While that may not seem to bode well for them, when you do a bit of digging, you can see that the numbers weren’t so bad, and we could see a turnaround coming in 2nd half ‘07, and maybe even continuing on through ‘08. The strength of the Israeli Shekel had a profoundly negative effect on earnings. As I have mentioned before, most analysts, myself included, believe that we will see the U.S. dollar start to strengthen again by the end of the year, thus helping Tefron’s bottom line.

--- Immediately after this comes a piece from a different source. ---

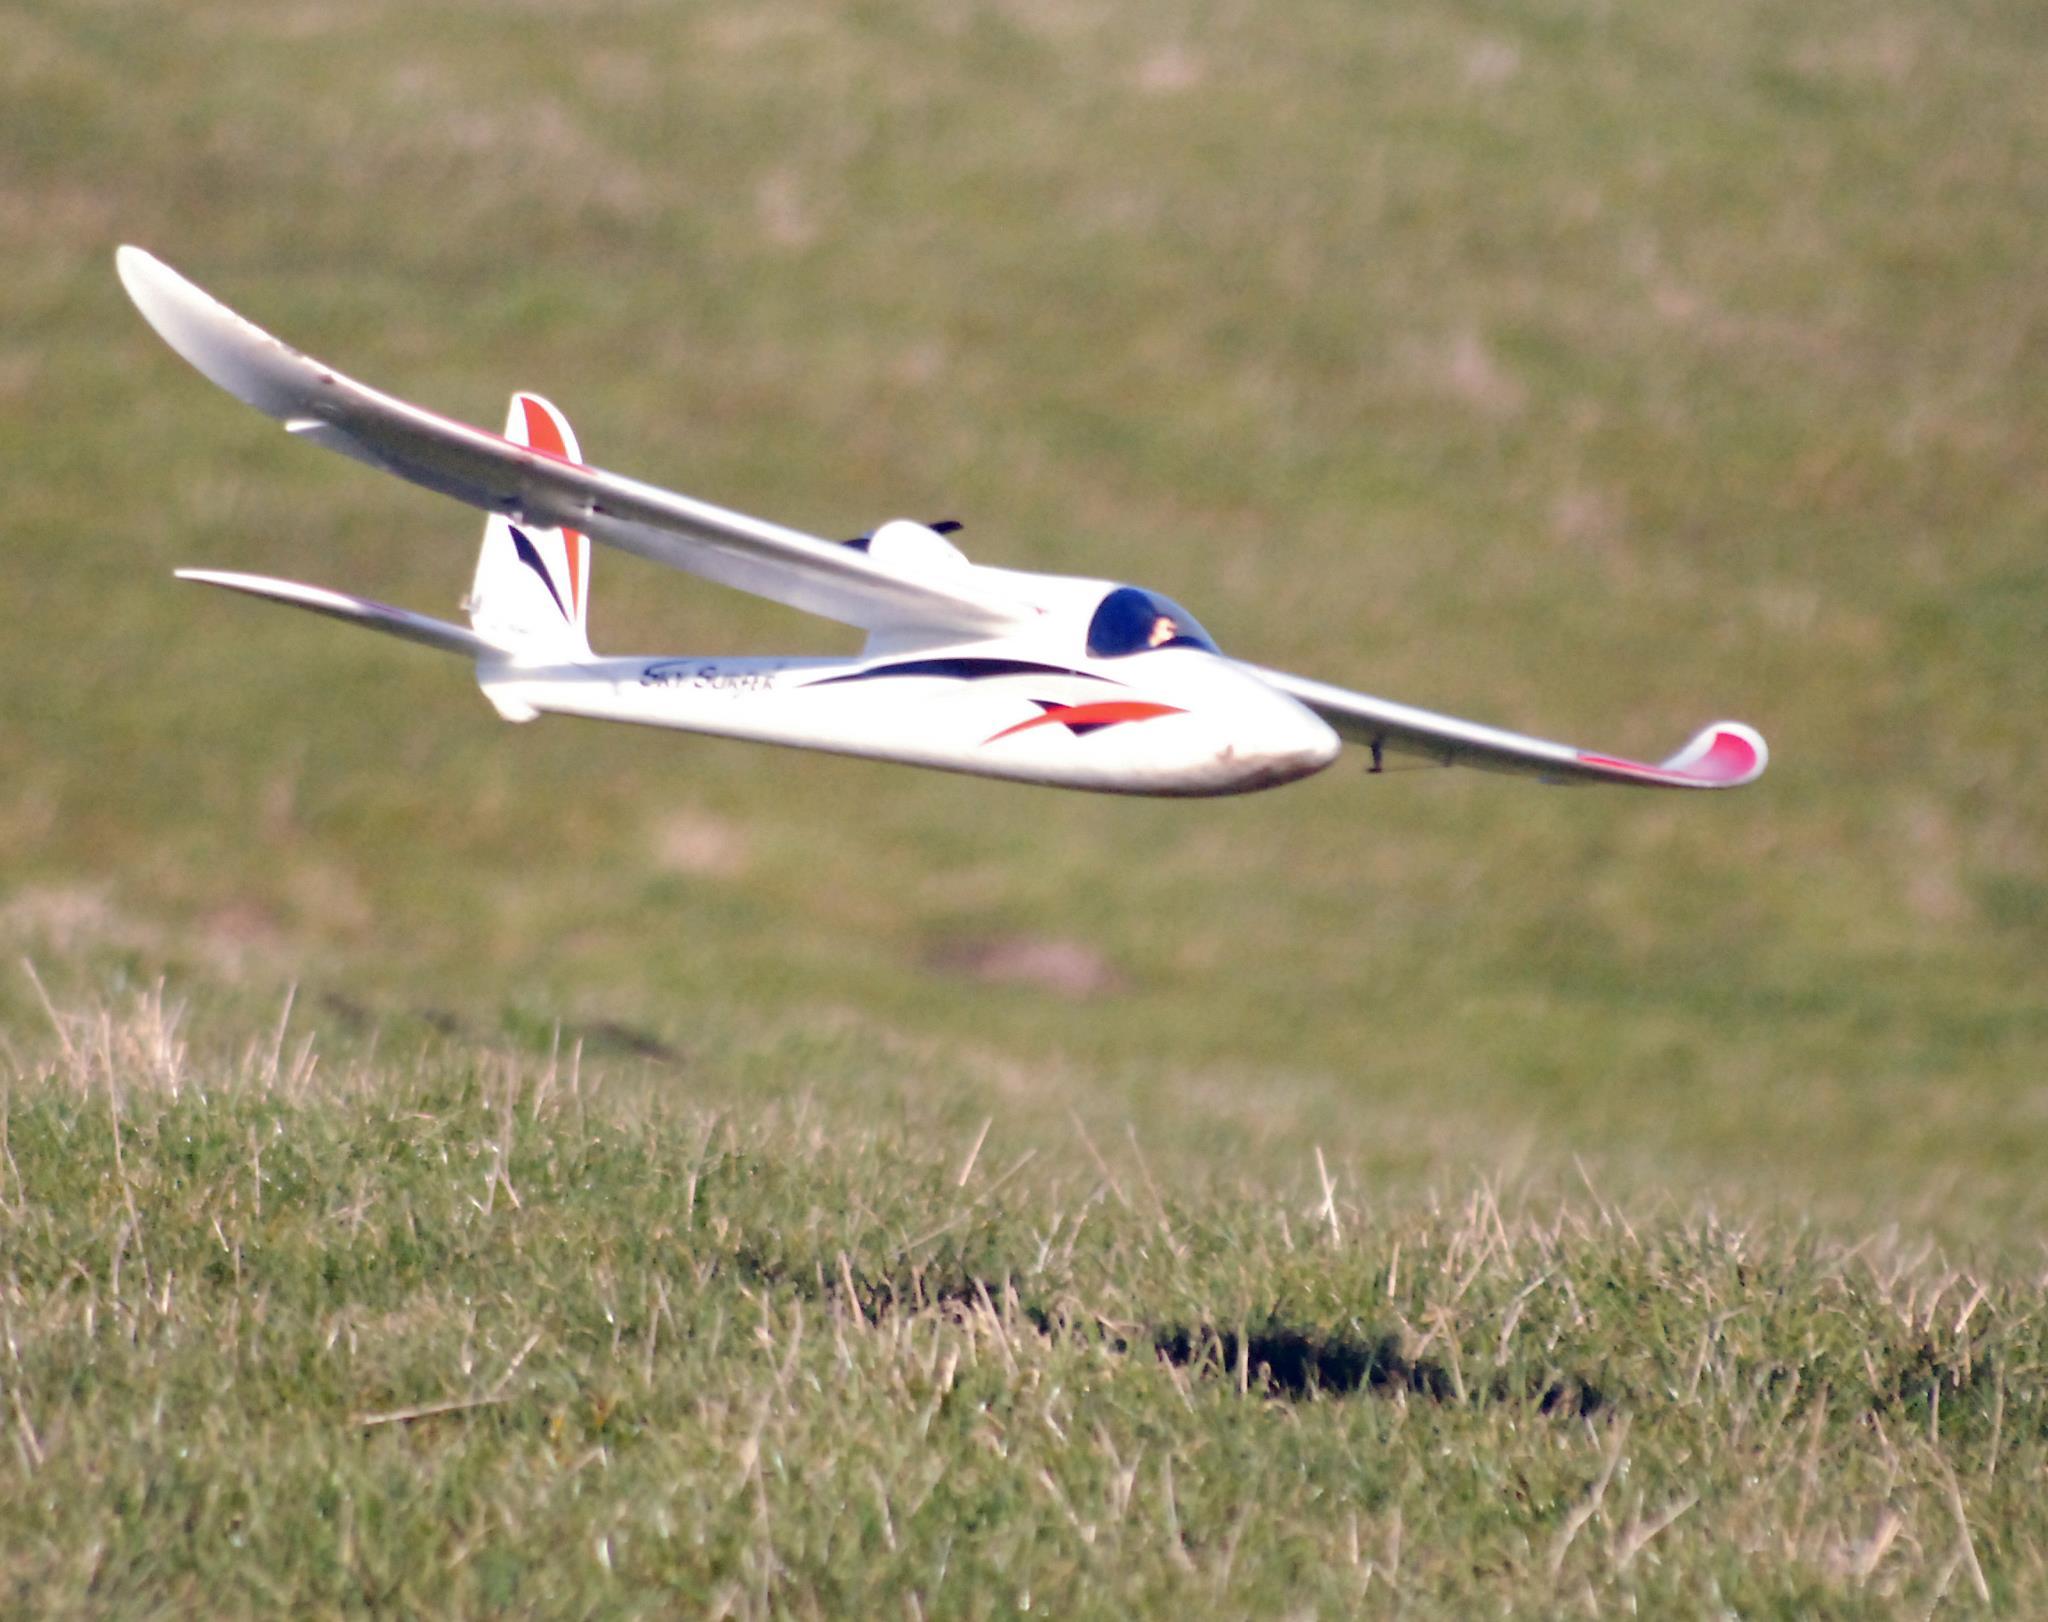 SkySurfer Touchdown (2)

Nike's relationship with Tefron is extremely important to the company right now, and it looks as if this relationship is in very good shape. Yos Shiran, Tefron’s CEO mentioned,
“As pointed out during the last quarter, we anticipated a temporary decline in active-wear sales in the first half of 2007, with a strengthening of active-wear sales in the second half of 2007. We reaffirm our assessment and see second half growth driven mainly by our sales to Nike as they prepare to launch their next generation of performance apparel. We believe that our working relationship with Nike remains strong, and we have received positive indications from Nike for next generation products, backed up by raw materials commitments, demonstrating the importance of Tefron as a key supplier to Nike.”
This is extremely important, especially going into the 2008 summer Olympics in Beijing, where Nike uniforms will be prominently displayed.
With a net cash position of $3.9 million, and a PE of around 12, the stock may be an interesting addition to a portfolio in the next six to twelve months.
Disclosure: The author’s fund is long TFR as of June 1, 2007.